C#: Converting 24-bit integer into a three byte array?

Question

So basically here is what I have. The user gives an integer and I'm converting it into 3 bytes.

int number = 167123;

byte[0] = (int)number / 65536;
byte[1] = (int)number / 256;
byte[2] = (int)number;

stream.Position = 0x503;   
stream.WriteByte((byte)byte[2]);
stream.WriteByte((byte)byte[1]);
stream.WriteByte((byte)byte[0]);

(Note: I'm cycling through the byte array backwards on purpose at the end.)

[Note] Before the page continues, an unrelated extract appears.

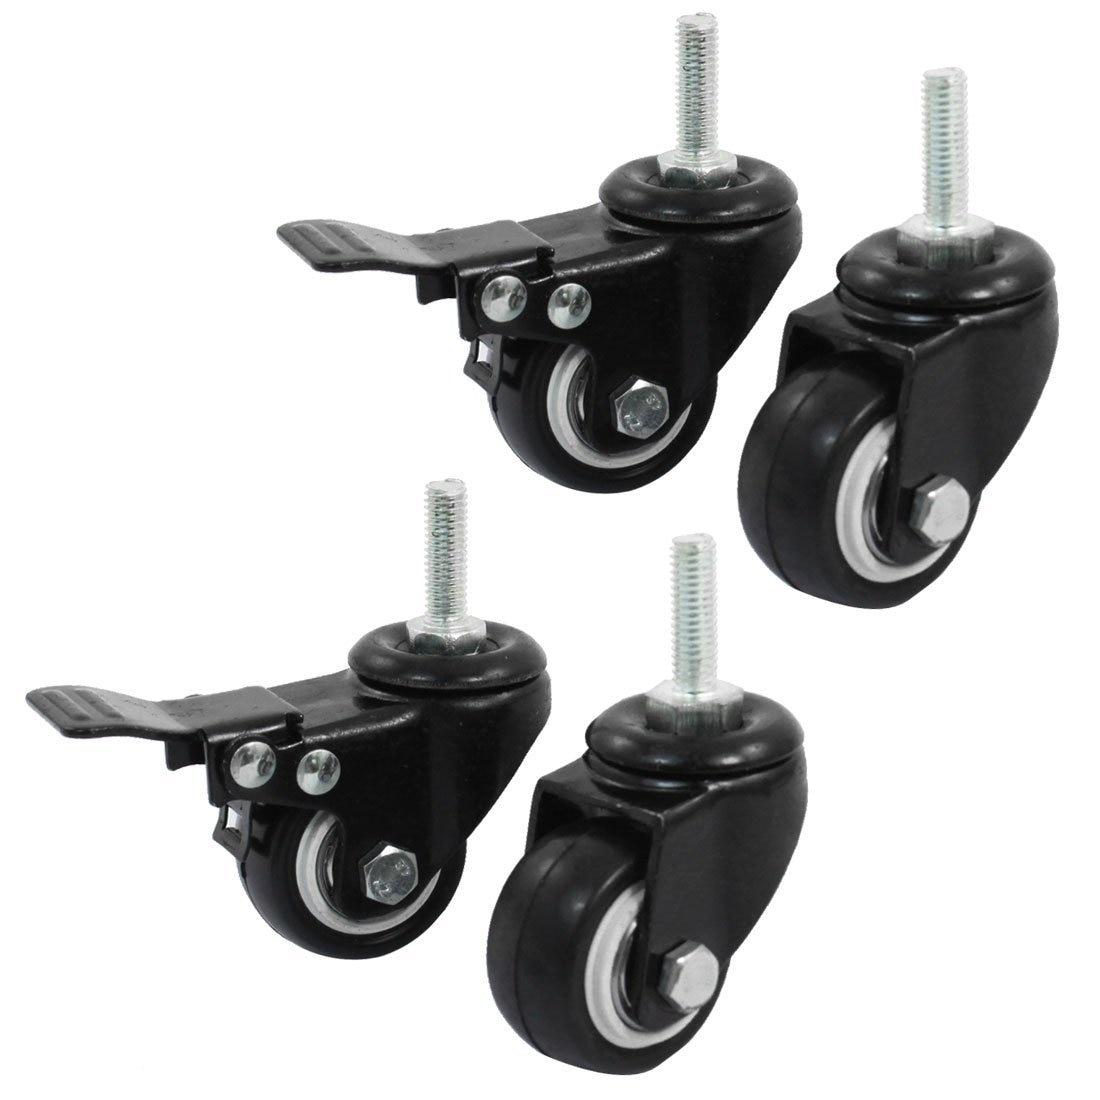 M8 Metal 360 giratorio 4 unids/lote 1,5 pulgadas carrito de la compra freno giratorio rueda giratoria doble bola rodamientos negro poliuretano

When I check the value later it works as intended. Now I'm looking hard at the code and trying the calculation by hand and I'm not getting the right answer. What am I doing wrong? How is this working? And what is Visual C# writing into the third byte when it casts 167123 as a "byte"?

Answer 1

The reason this works is because the assignment of the int value to the byte truncates the value. This may be why your math isn't working out - you're not truncating.

Essentially what you're doing by dividing is bitshifting. Your code is the same as this:

byte[0] = (int)number >> 16;
byte[1] = (int)number >> 8;
byte[2] = (int)number;

To make your manual math work, do the math, then convert it to binary, and chop off anything above the last 8 digits. That's the number you're assigning to the byte array.

One example:

byte[1] = (int)number / 256;

This is 167123 / 256 = 652. In binary, this is 001010001100. Now, truncate everything above the size of a byte (8 bits), and you have 10001100, which is 140 in decimal. This is what is assigned to this byte array index.

Answer 2

Try to use this method instead: BitConvet.GetBytes(int). More about this problem is also available in this question.